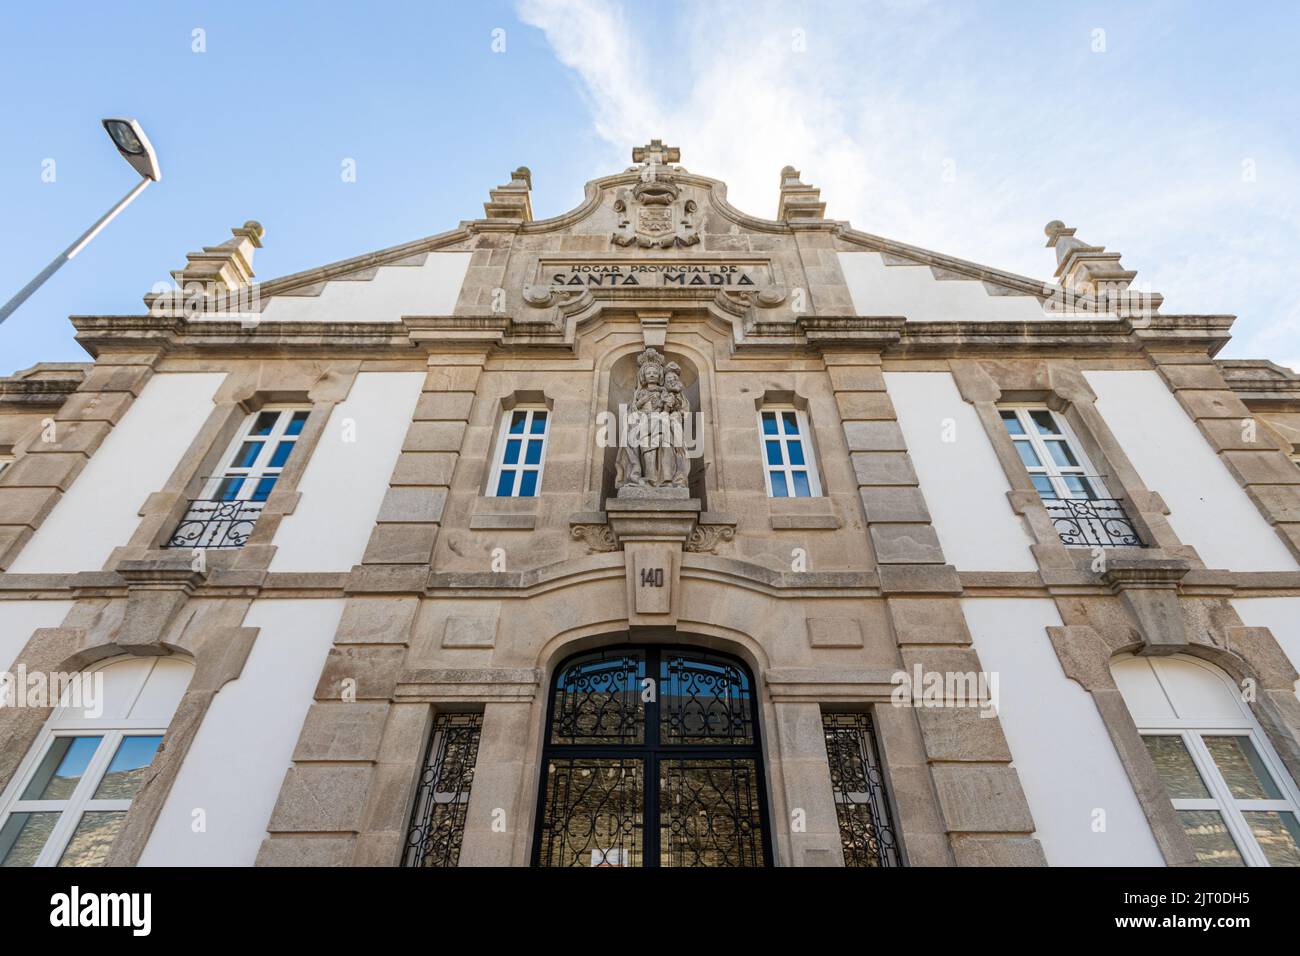 Lugo, Spain. The Hogar Provincial de Santa Maria (Saint Mary Provincial Home), a religious building Stock Photo
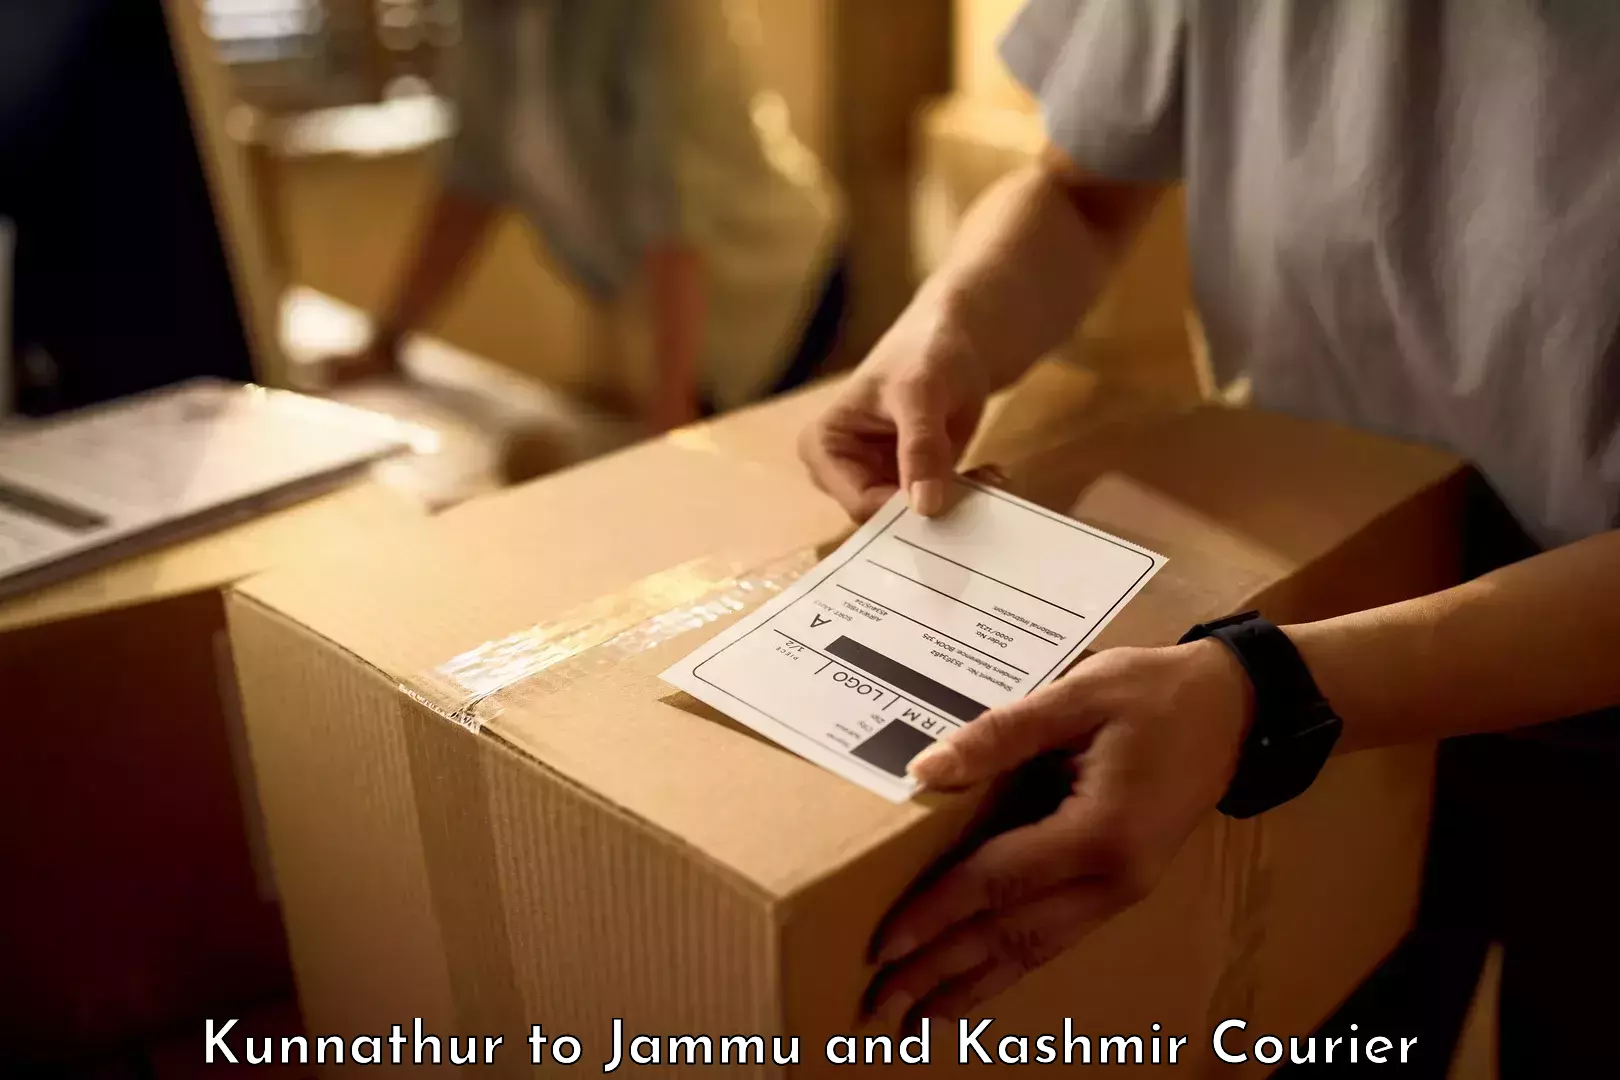 High-quality baggage shipment Kunnathur to University of Jammu
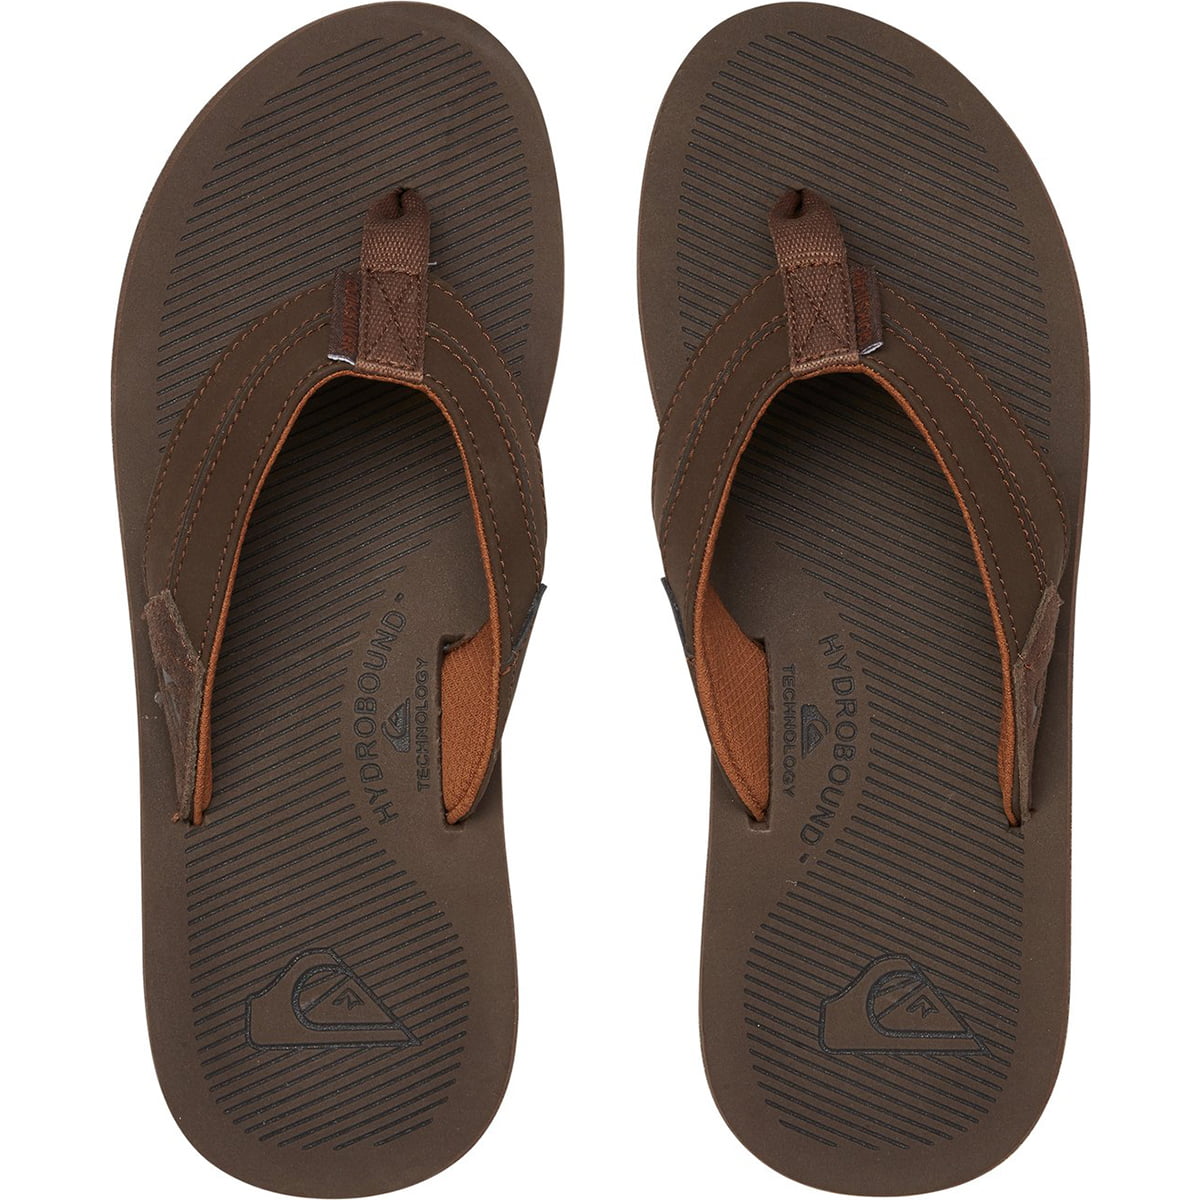 Quiksilver Men's Coastal Oasis III Sandals - Walmart.com
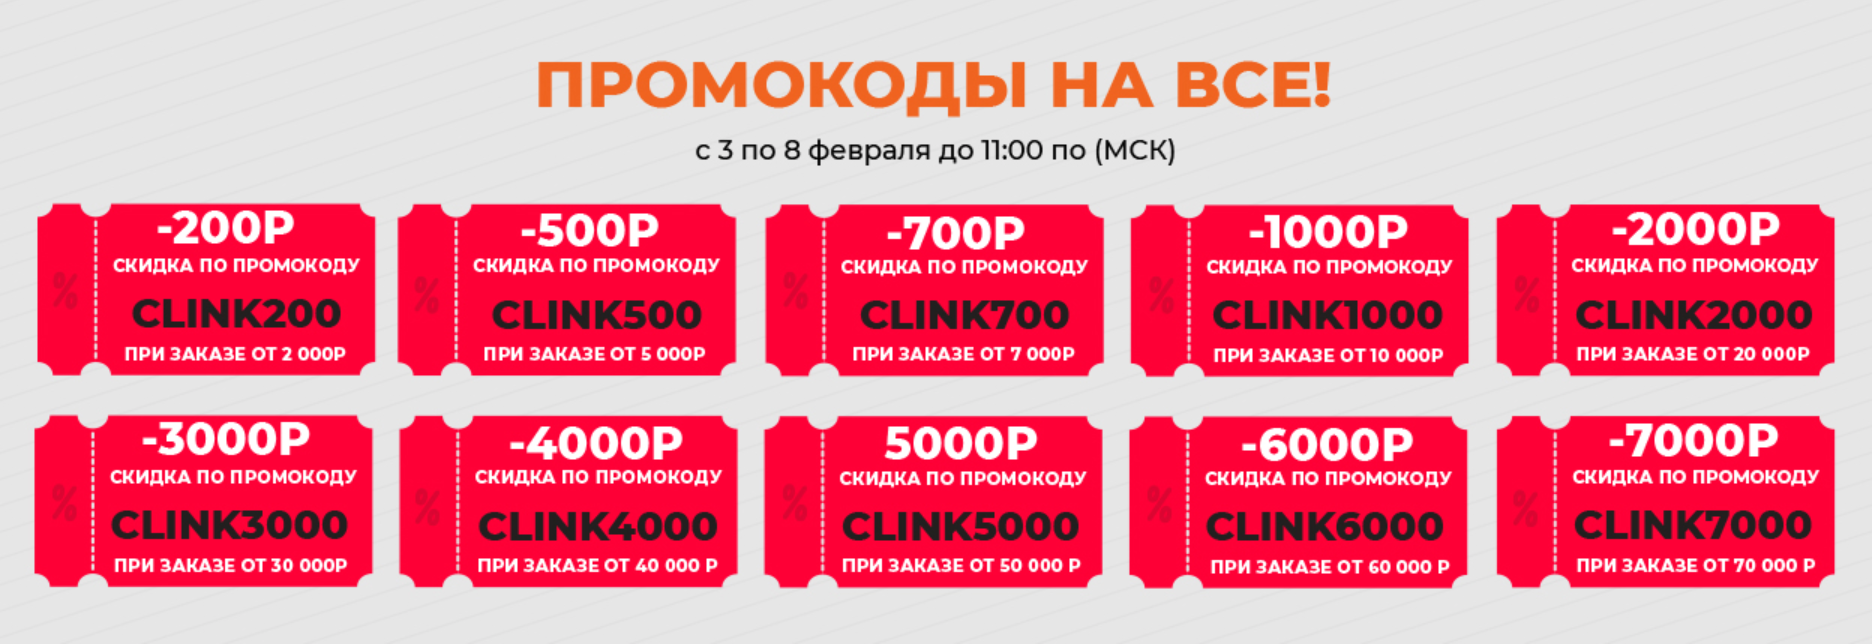 Промокод Алиэкспресс Скидка От 500 Рублей

What you will do
The final stretch of the data, from the line with "Quiksilver Men's Coastal" through its last line, is to be retyped exactly; pictures are not part of the copy.

Output for this exercise
 Quiksilver Men's Coastal Oasis III Sandals - Walmart.com
 Промокод Алиэкспресс Скидка От 500 Рублей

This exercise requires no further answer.